Today, we got this question on our forums:
Does anyone have any information on the new ‘on the fly converting’ for media services?
I am trying to allow multiple users (hundreds) the ability to upload video files at the same time. Obviously, currently the queuing process takes too long. Would like to know if this new way might help.
Things tend to get pushed down quickly in the forums, and since I own this feature, I thought I would cover the answer in a blog post. But first things first, read this post about architecting a system for user-contributed content.
Yes, that feature is shipping in the coming days, we refer to it as dynamic packaging, you could also call it just-in-time packaging, dynamic muxing, etc.
Specifically, it will offer the ability to:
Transmux from a single source format into two different streaming formats.
What it will NOT do:
Take a single-bitrate source file and produce multi-bitrate streams. That requires re-encoding is very CPU intensive. See this post for the difference between muxing and encoding.
Supported input formats:
Supported output formats:
- HLS v4
- Primarily AAC and H.264 codecs (you can use VC-1, but it will not remux to HLS).
- A single MP4 to single-bitrate smooth and single-bitrate HLS.
- Many closed GOP, GOP aligned MP4’s to multi-bitrate smooth or multi-bitrate HLS.
- Multi-bitrate Smooth to HLS, and of course, Smooth.

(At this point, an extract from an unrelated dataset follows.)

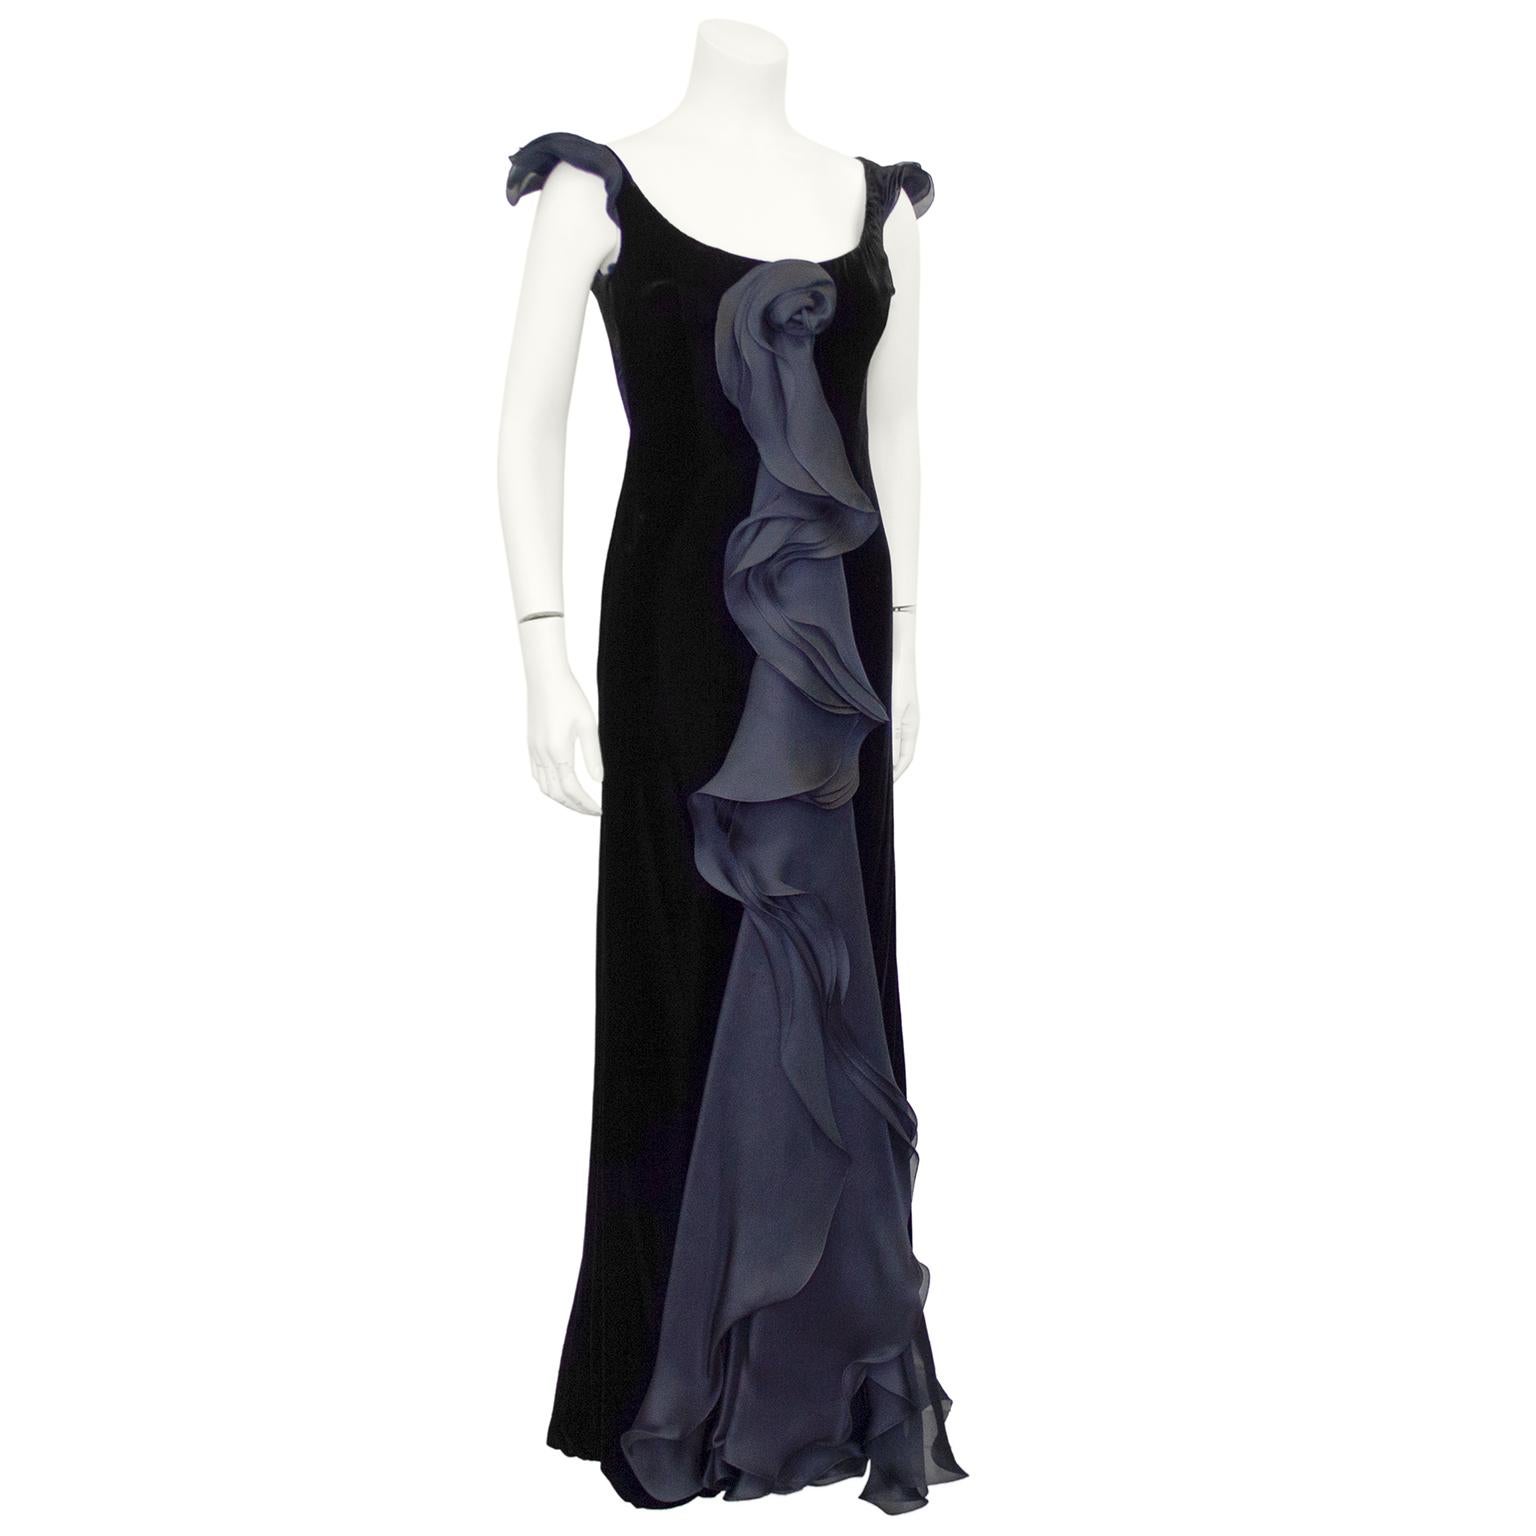 This Giorgio Armani jet black cut velvet gown from the 1990s is so gorgeous and etherial. Sleeveless with a wide scoop neckline and sheath shape. The eye-catching moment of this gown is the stunning layered and ruffled black chiffon that starts with

Unsupported scenarios at this time:
- Encrypted content as source files, neither Storage Encryption nor Common Encryption.
Pictures always help:
Cost and setup:
At this time, dynamic packaging will only be offered if you reserve origin capacity in the management portal. That is, you need to enable and buy an origin reserved unit (~200$/mo charged by 24hr period increments, this is a blog, pricing changes, check the management portal for details).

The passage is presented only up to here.